- _Exercise directions_
A word-for-word copy of the listing is what's needed; leave out every image.

- _Input records_
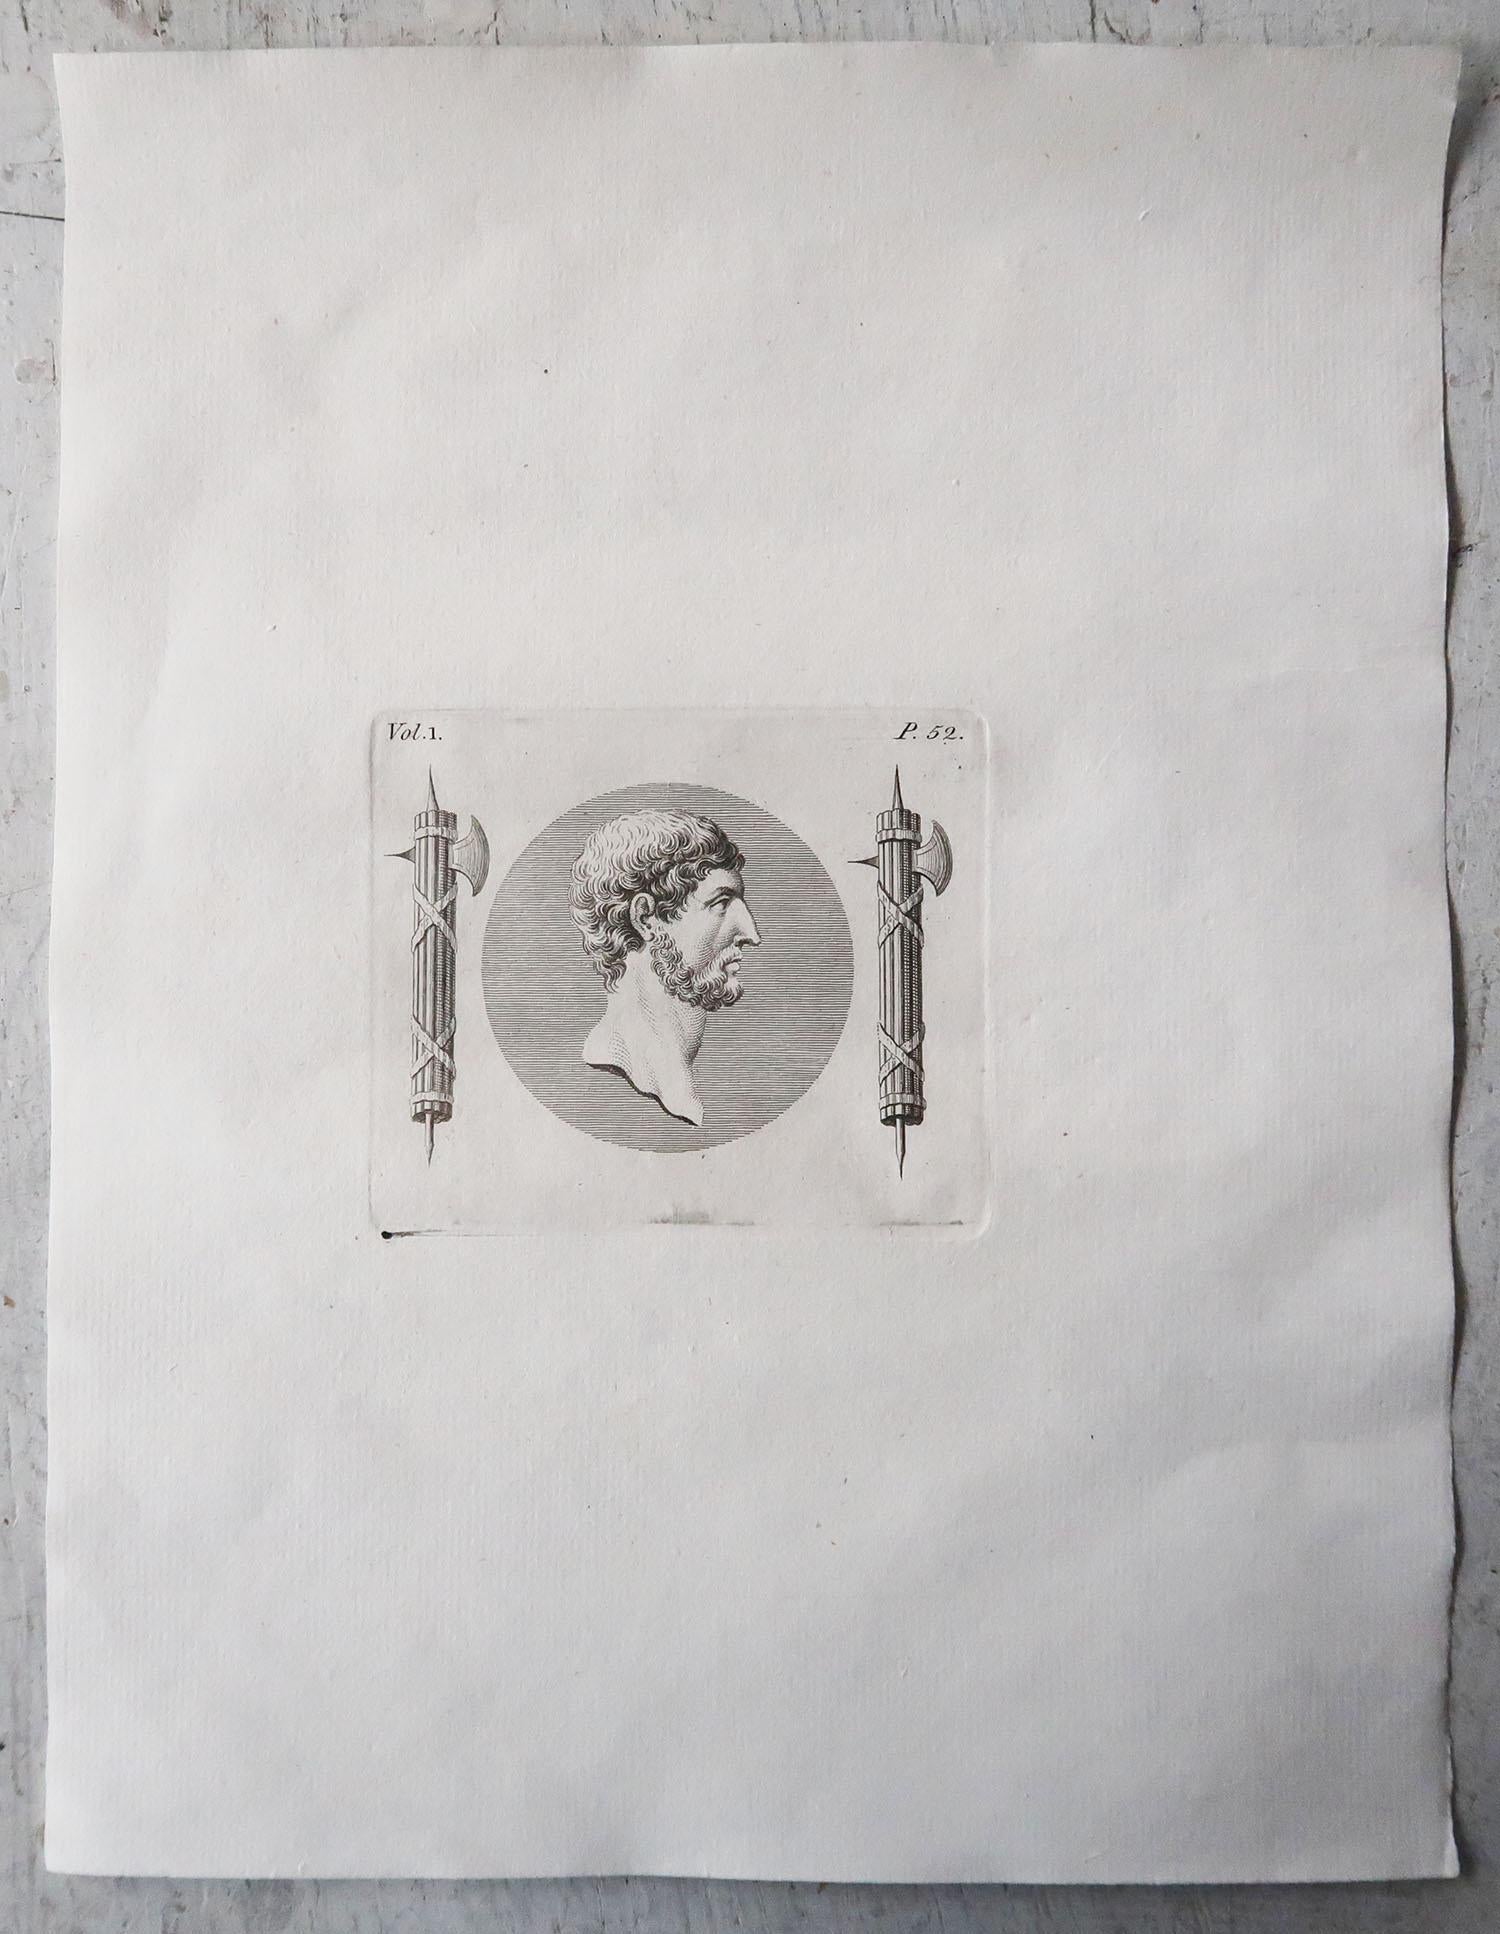 Prachtvoller Satz von 7 Porträtdrucken. Wichtige männliche und weibliche Figuren aus dem alten Rom.

Auf schönem Büttenpapier.

Kupferstiche 

Veröffentlicht um 1790

Ungerahmt.

Das angegebene Maß ist die Papiergröße eines
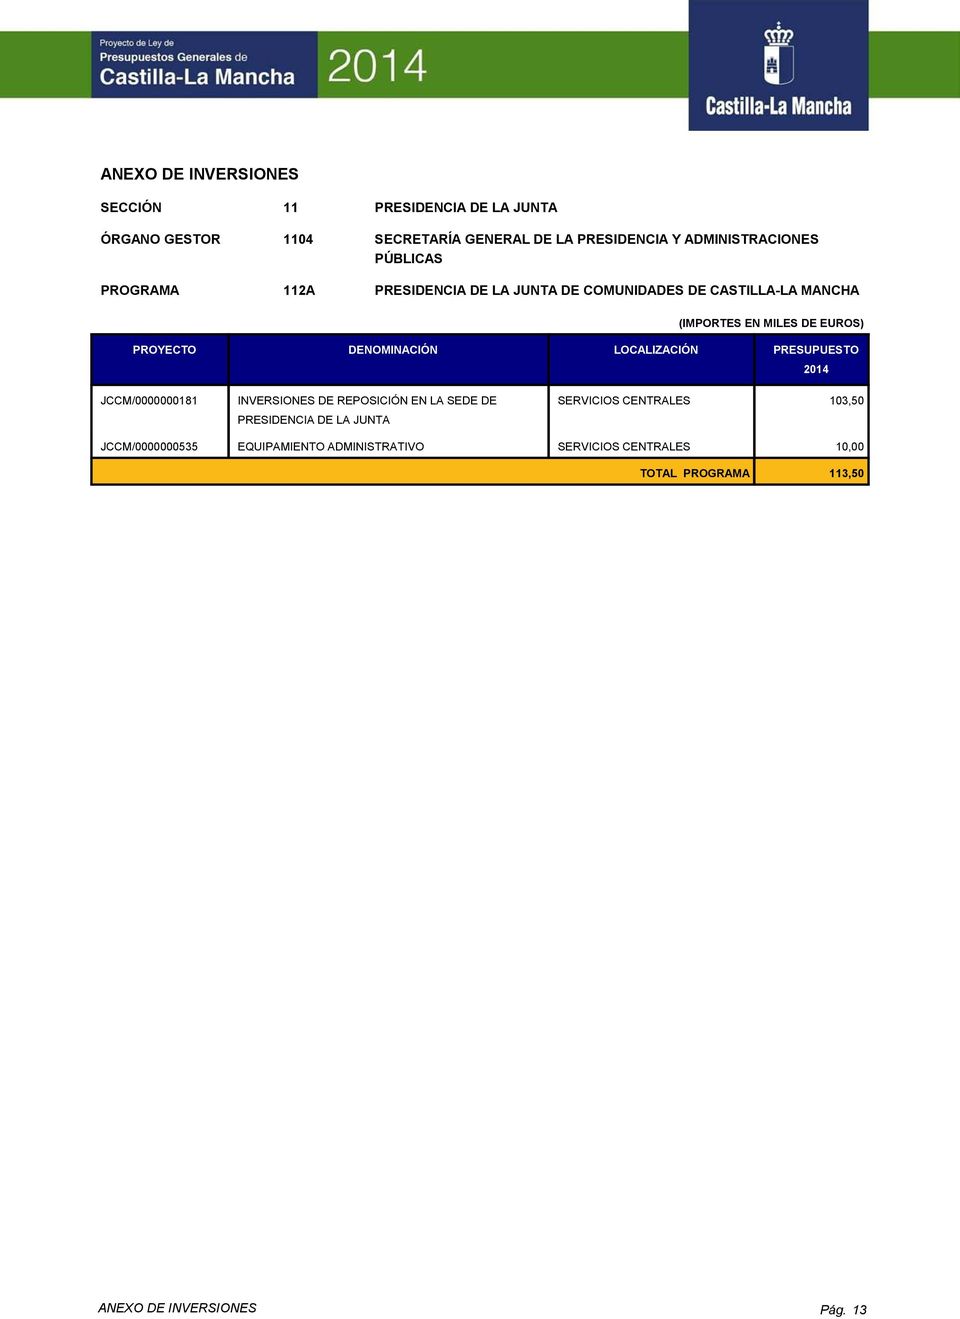 JCCM/0000000181 INVERSIONES DE REPOSICIÓN EN LA SEDE DE PRESIDENCIA DE LA JUNTA SERVICIOS CENTRALES
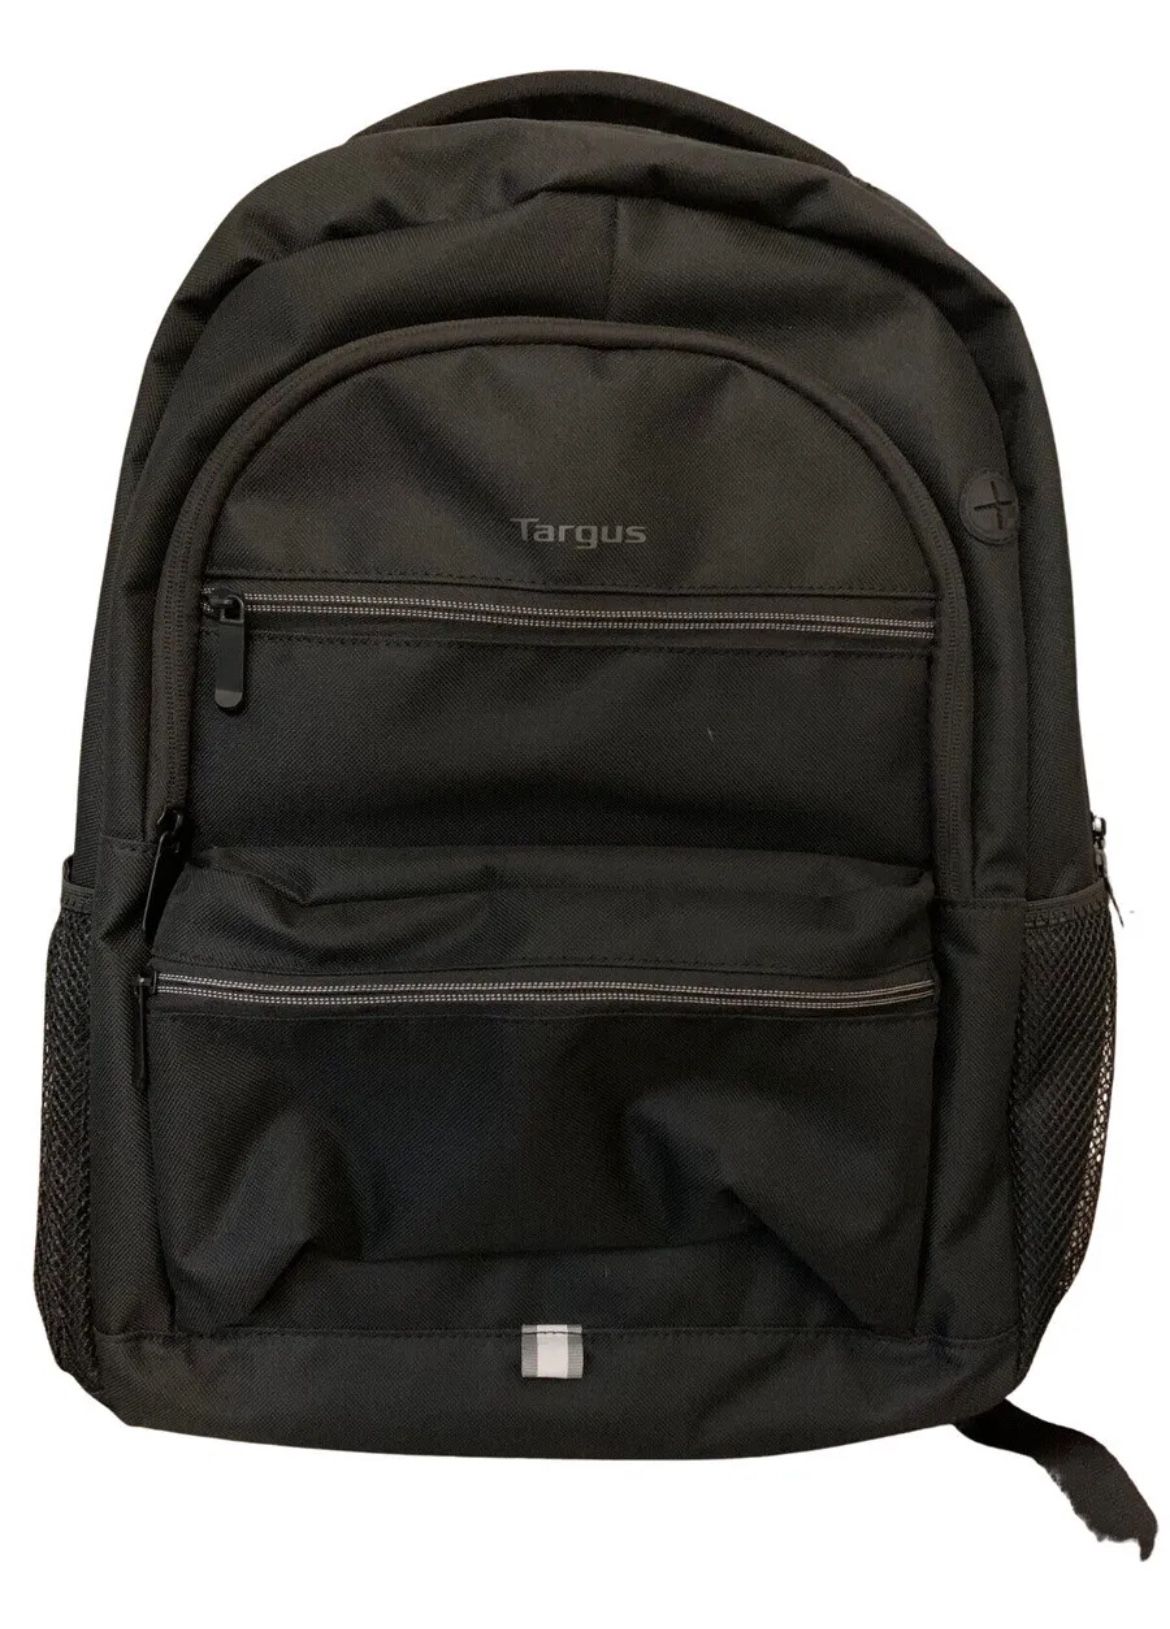 Targus Octave II 15.6 inch Laptop Backpack - Black (TBB637GL)

- _Task response_
 Prachtvoller Satz von 7 Porträtdrucken. Wichtige männliche und weibliche Figuren aus dem alten Rom.

Auf schönem Büttenpapier.

Kupferstiche 

Veröffentlicht um 1790

Ungerahmt.

Das angegebene Maß ist die Papiergröße eines
 JCCM/0000000181 INVERSIONES DE REPOSICIÓN EN LA SEDE DE PRESIDENCIA DE LA JUNTA SERVICIOS CENTRALES
 Targus Octave II 15.6 inch Laptop Backpack - Black (TBB637GL)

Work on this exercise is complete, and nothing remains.